**About this exercise**
Keep the pictures out, and restate the listing that follows exactly as written.

**Data**
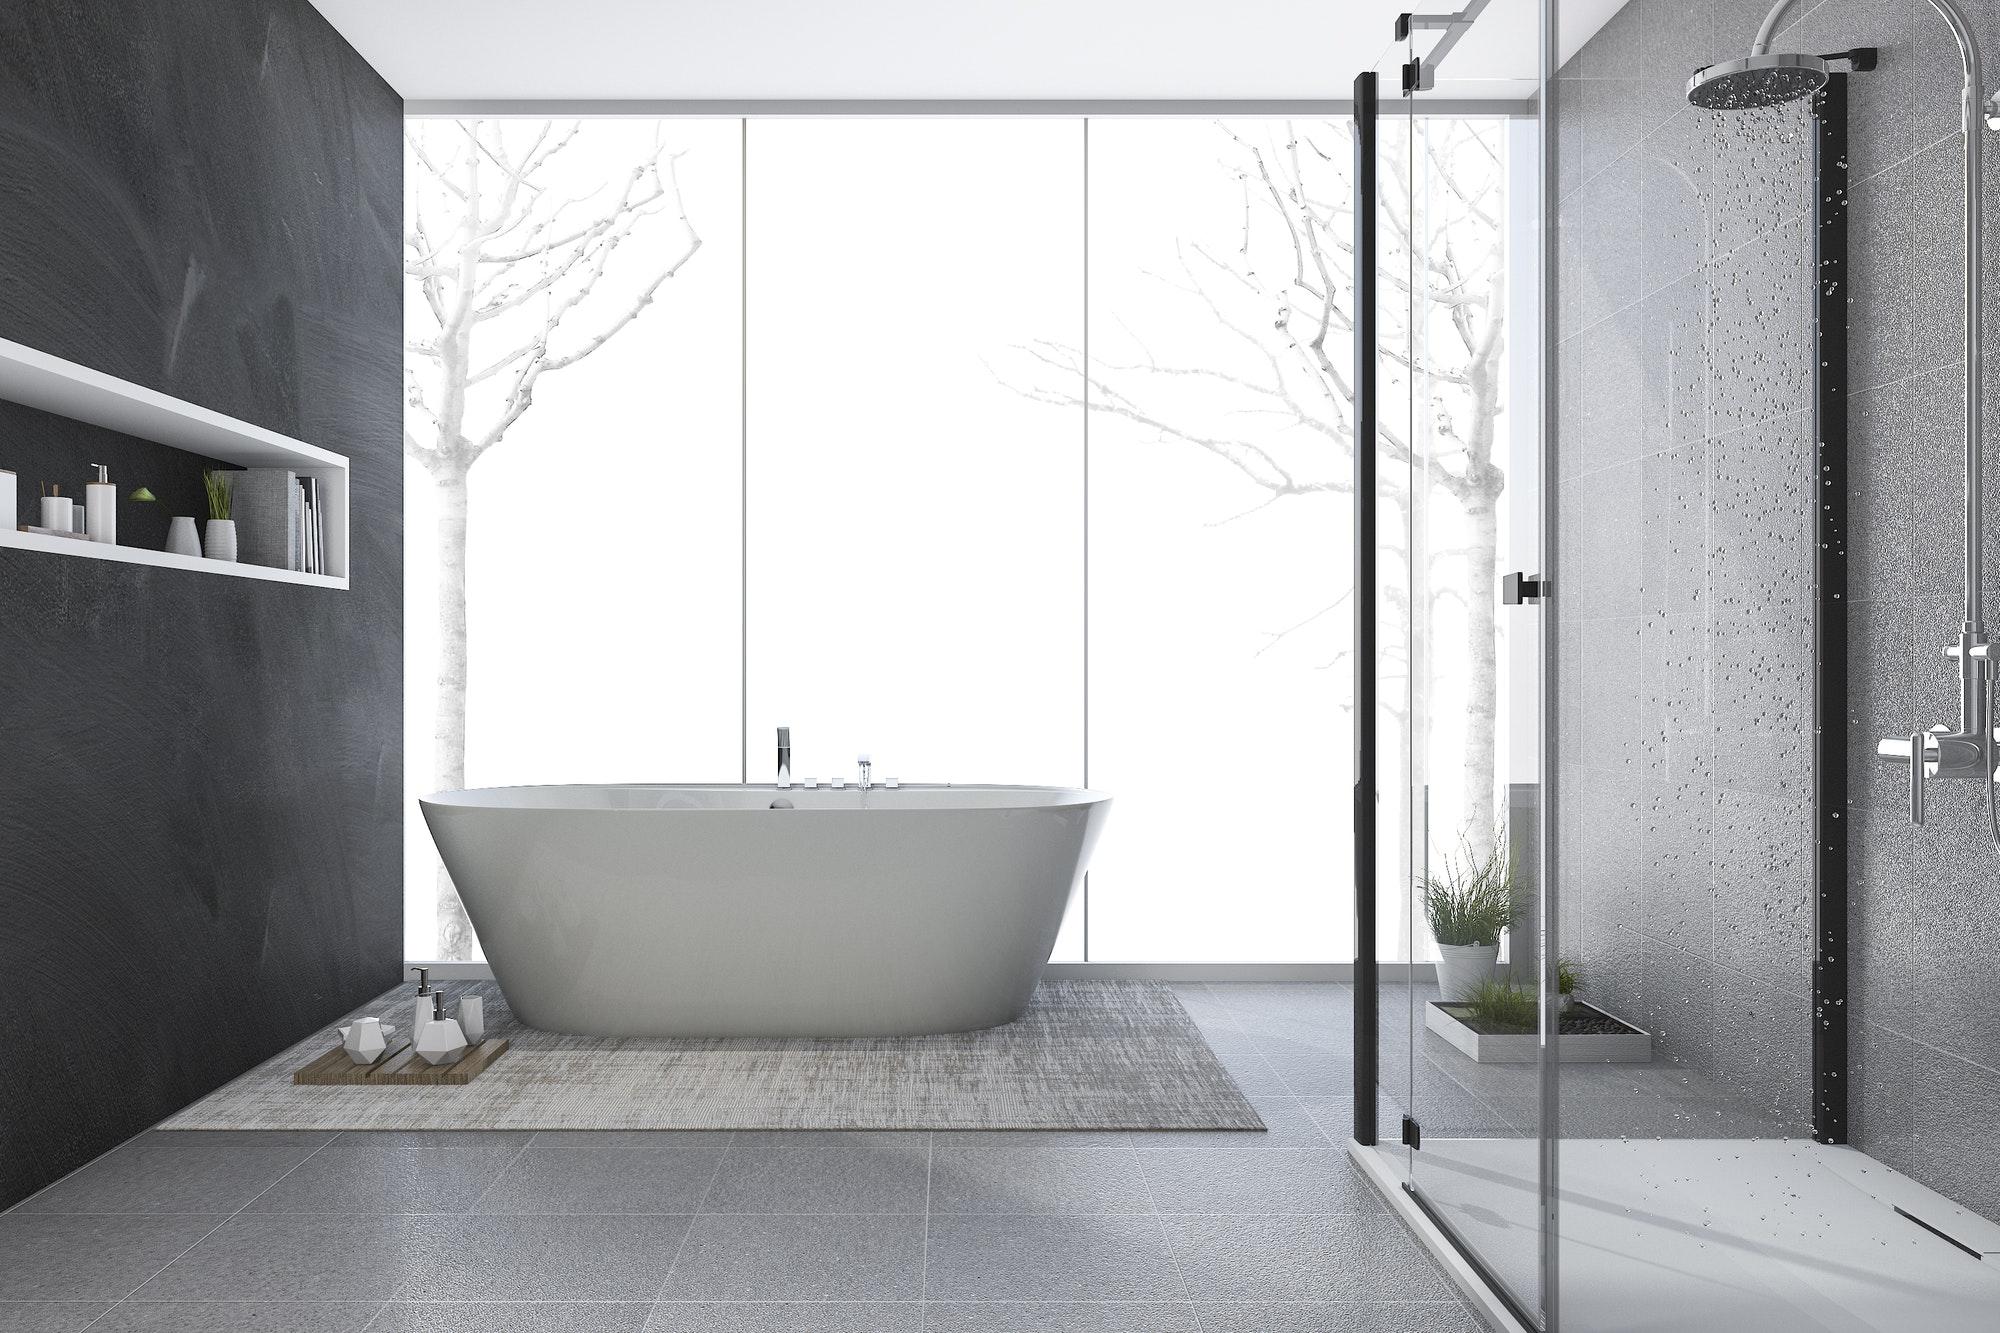 Reformas Baños reforma integral modern design bathroom in winter
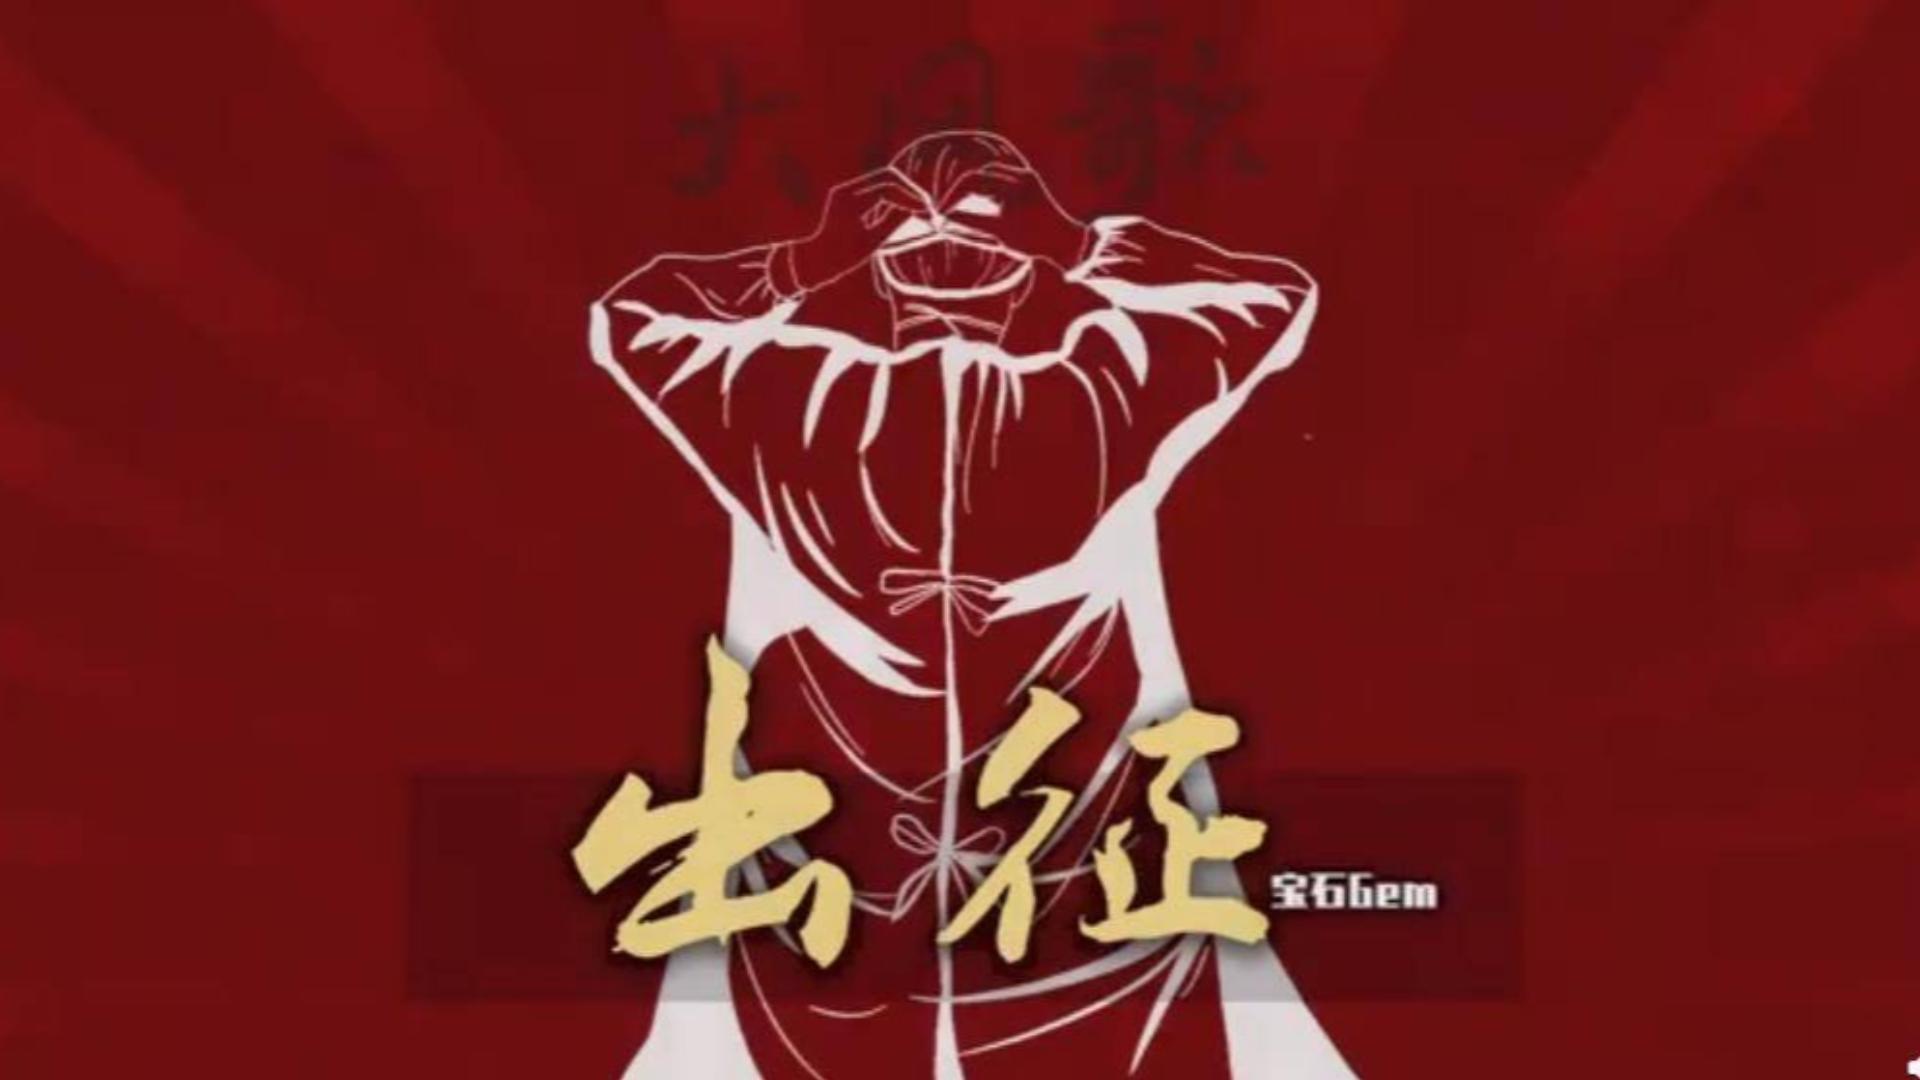 宝石GEM老舅新歌《出征》+央视元宵晚会合唱版
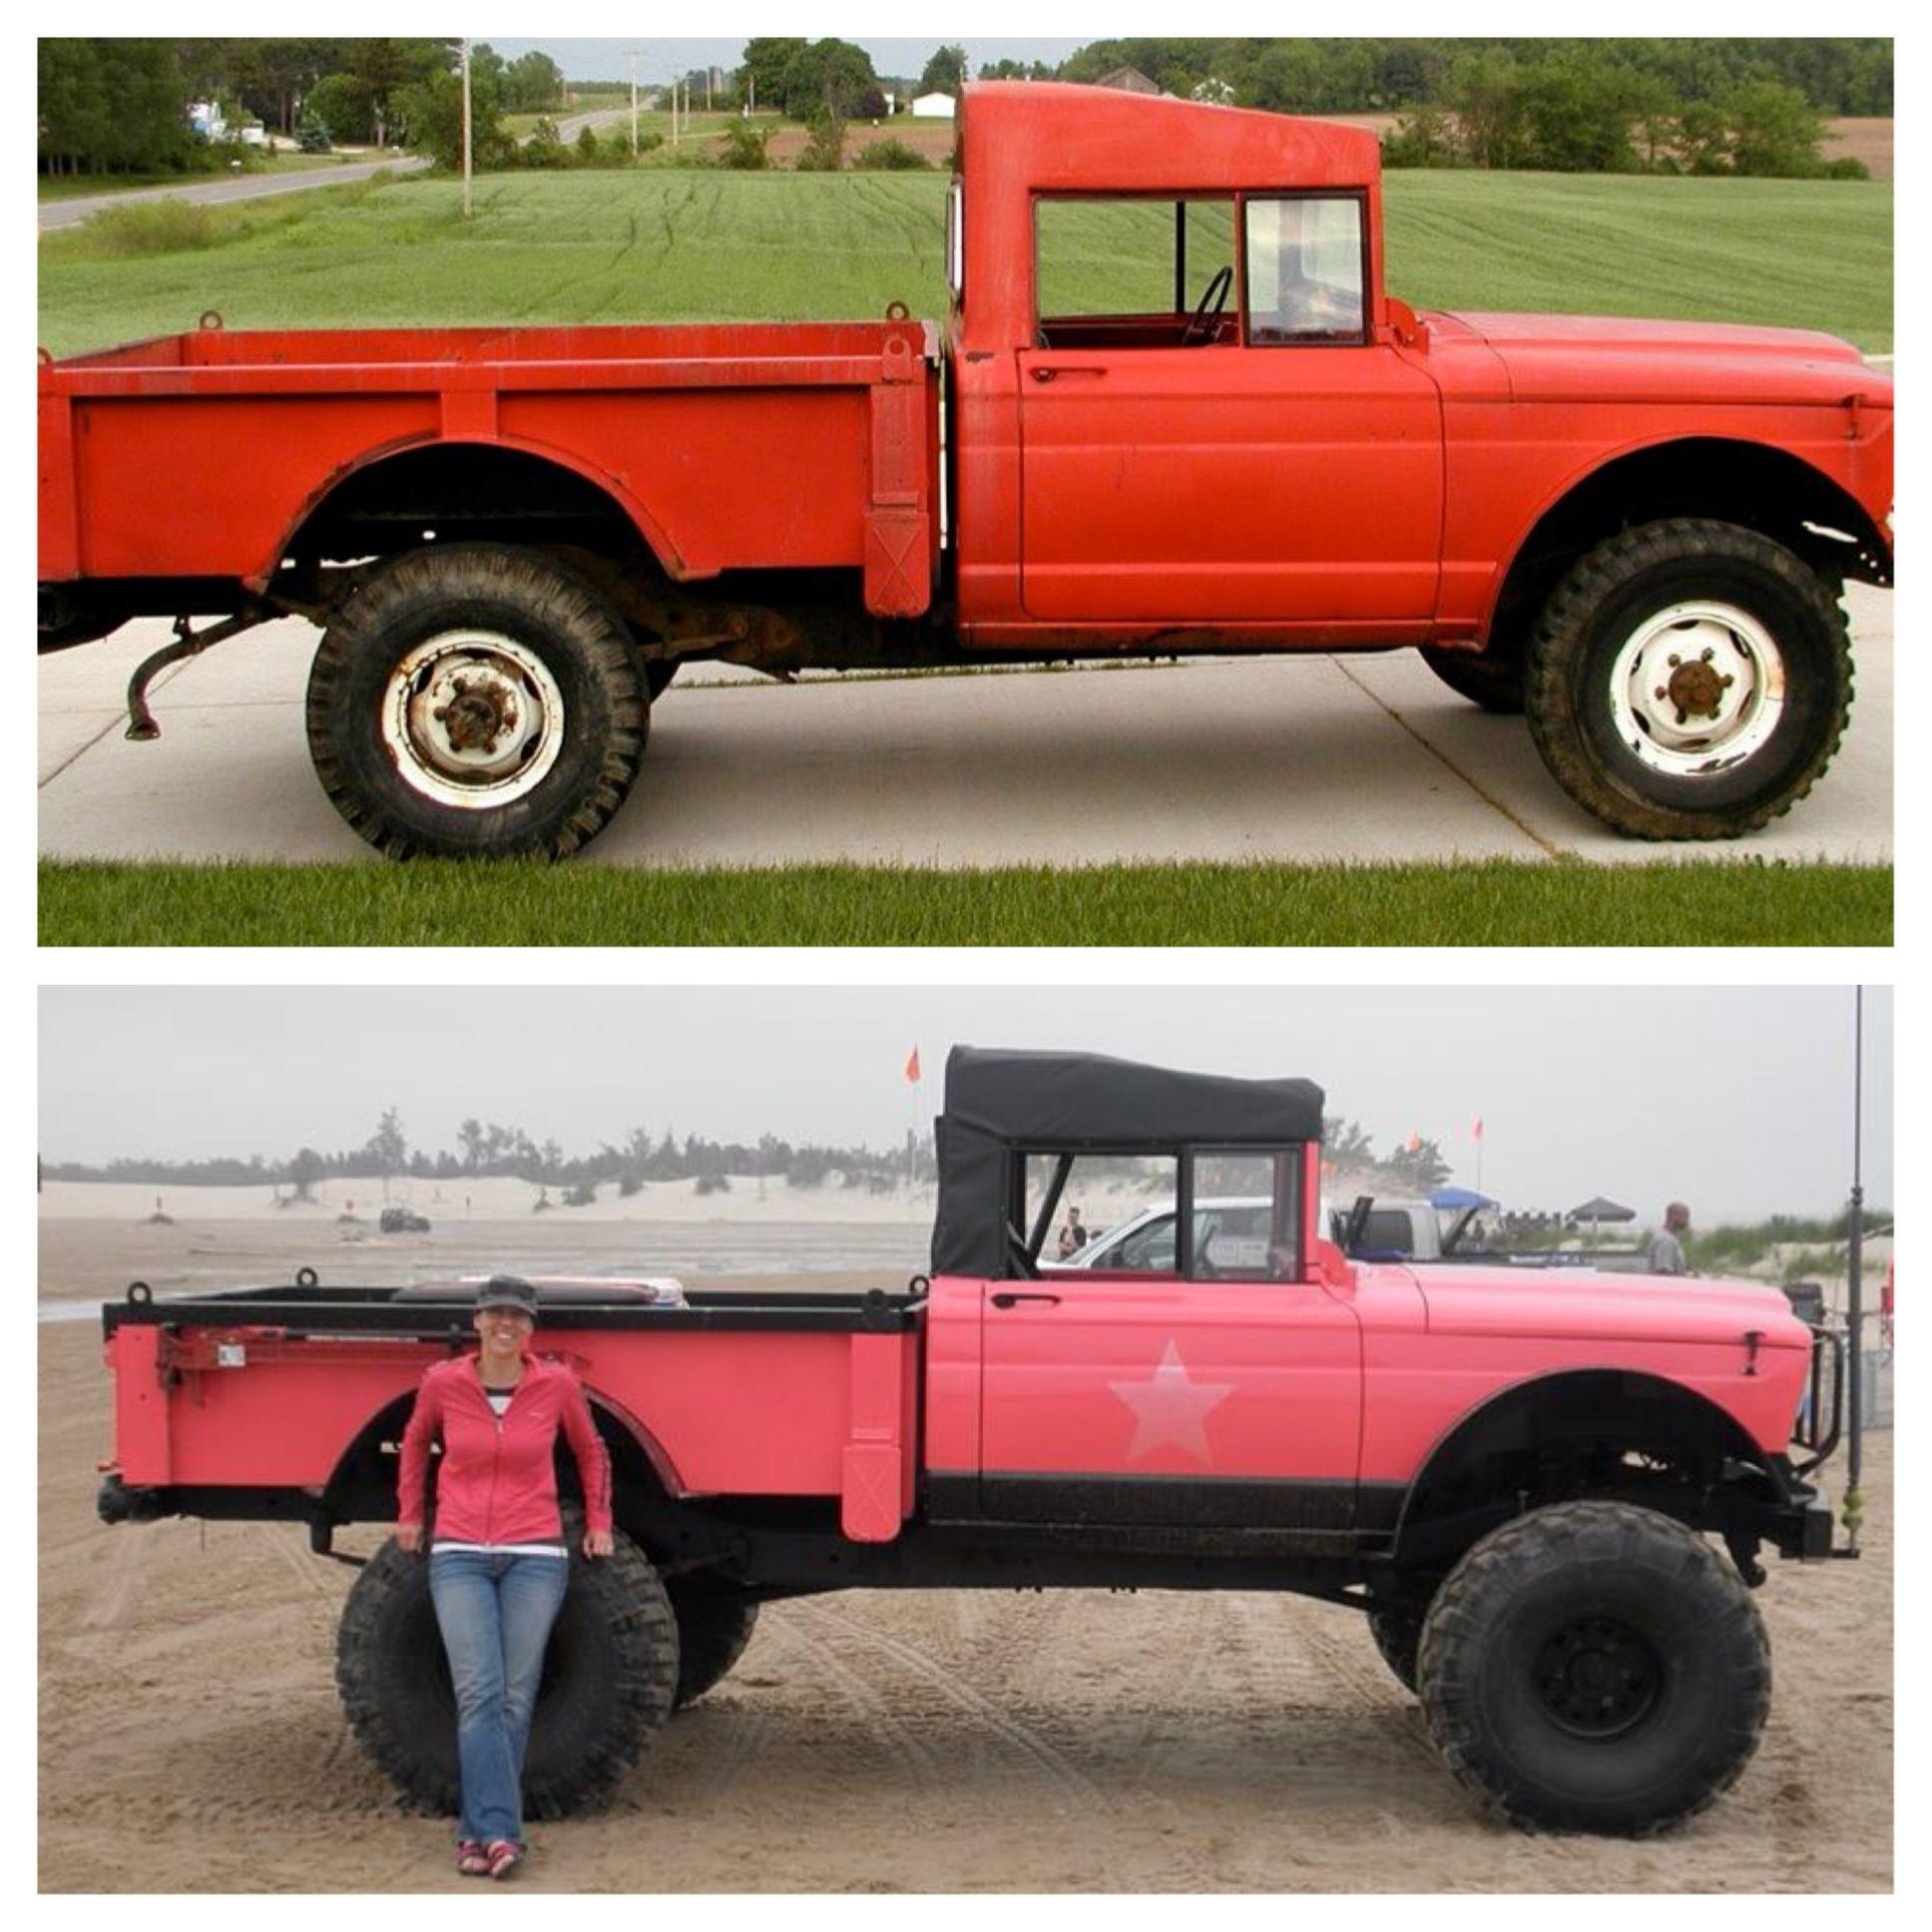 Going Pink A Kaiser Jeep M715 Homegrown Garage Build Cool Wiring

**Answer box**
 Reformas Baños reforma integral modern design bathroom in winter
 宝石GEM老舅新歌《出征》+央视元宵晚会合唱版
 Going Pink A Kaiser Jeep M715 Homegrown Garage Build Cool Wiring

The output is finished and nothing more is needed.